Remember, the reason for and goal of the quarantine was to keep our Medical resources from being overloaded and being unable to treat and save as many infected as possible. The overflow facilities built around the country were used very little and in some cases not at all. That is at least partially a testament to the success of controlling the rate of spread in that first wave of infection and the great success American health care had in treating and containing the Covid-19 outbreak here in the United States.

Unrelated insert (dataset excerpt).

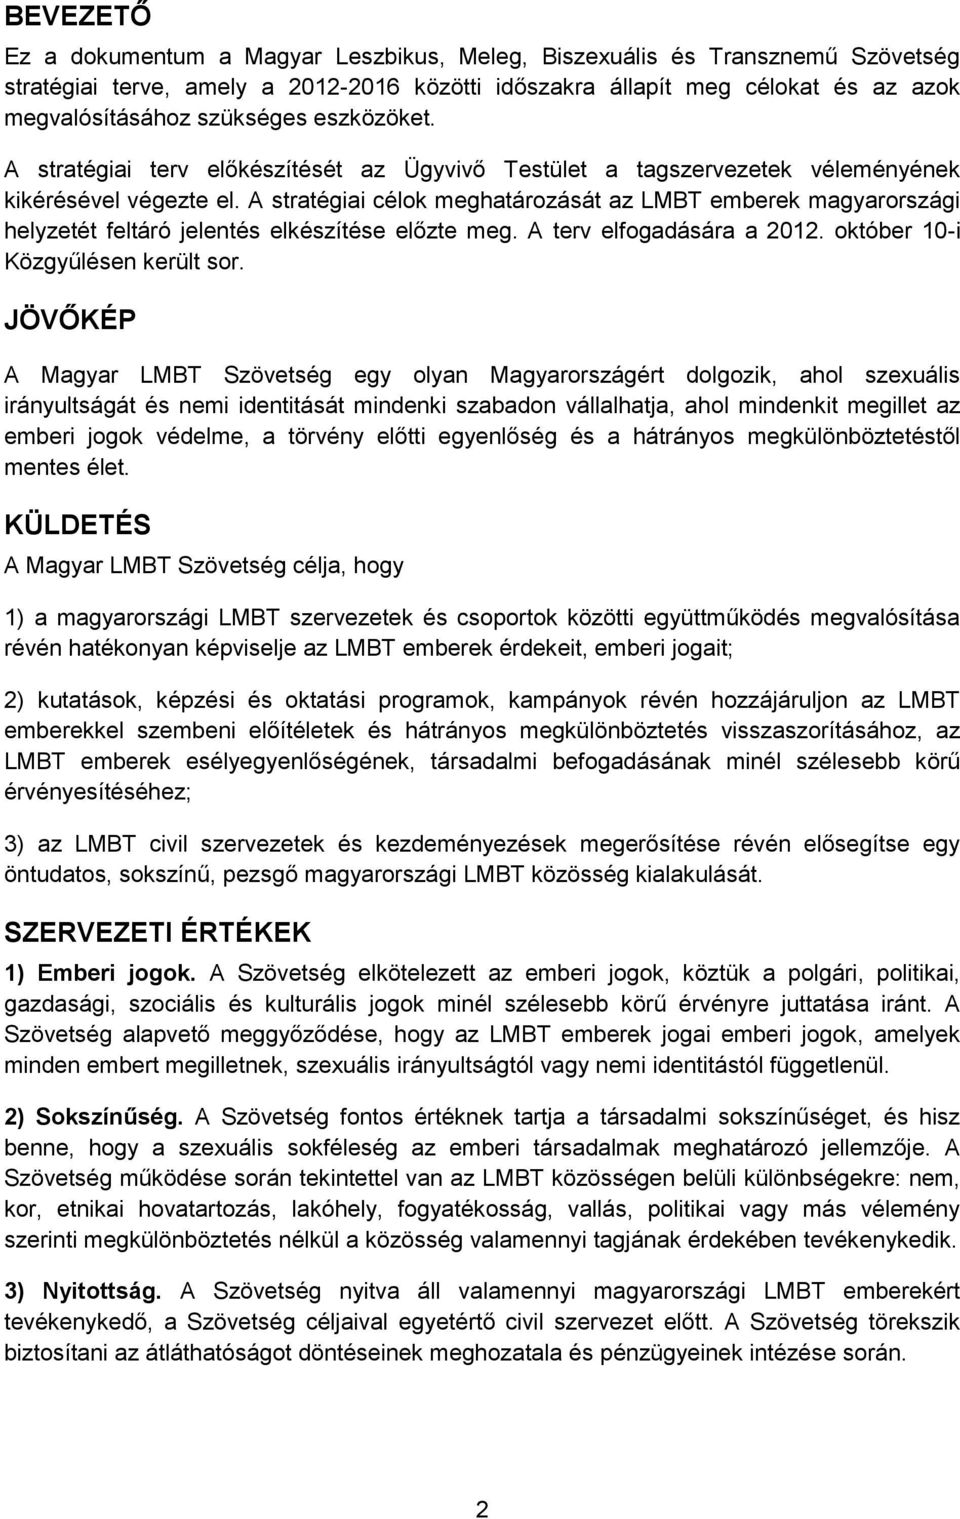 A stratégiai célok meghatározását az LMBT emberek magyarországi helyzetét feltáró jelentés elkészítése előzte meg. A terv elfogadására a 2012. október 10-i Közgyűlésen került sor.
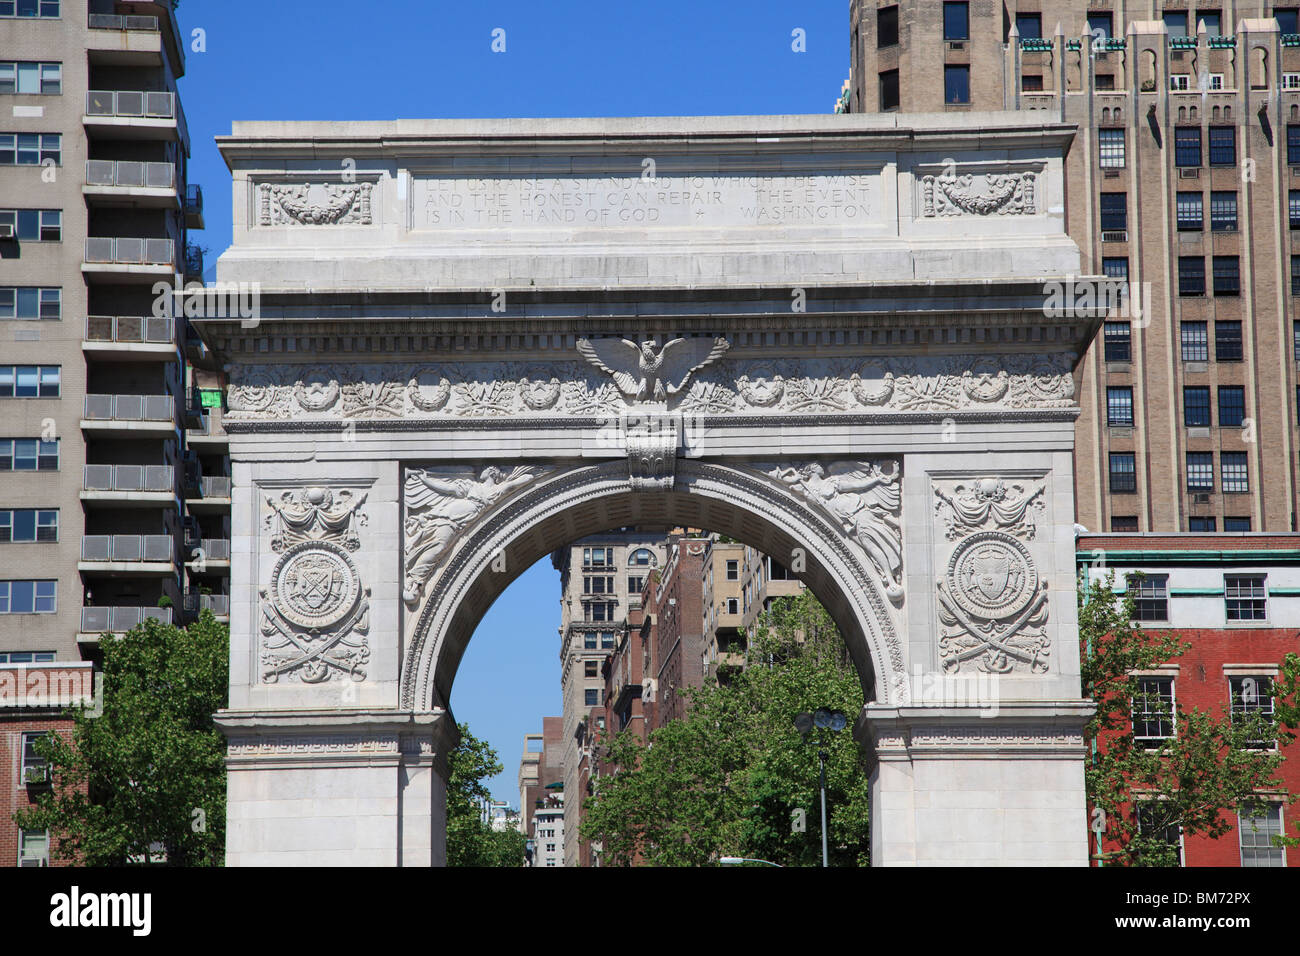 Washington Square Park, Washington Square Arch, Greenwich Village, West Village, à Manhattan, New York City, USA Banque D'Images

This success in managing the opening act in the long process seems to have led some politicians to believe they have controlled the virus and by their efforts the danger averted if we would just follow the restrictions they have laid out. Truth is that as long as infections are raging anywhere in the world, we are at risk for a resurgence of infections to anyone without immunity, whether by recovery after exposure, or by vaccination. The level of travel seen in Countries and the World almost guarantees the continuation of spread, as long as significant levels of infection exist anywhere. Other flu vaccines suggest only partial coverage of populations vaccinated.

The only true end to risk of continued infections and resulting pandemic is herd immunity, through exposure and or vaccine. Anything short of or other than that has no scientific basis in effectiveness.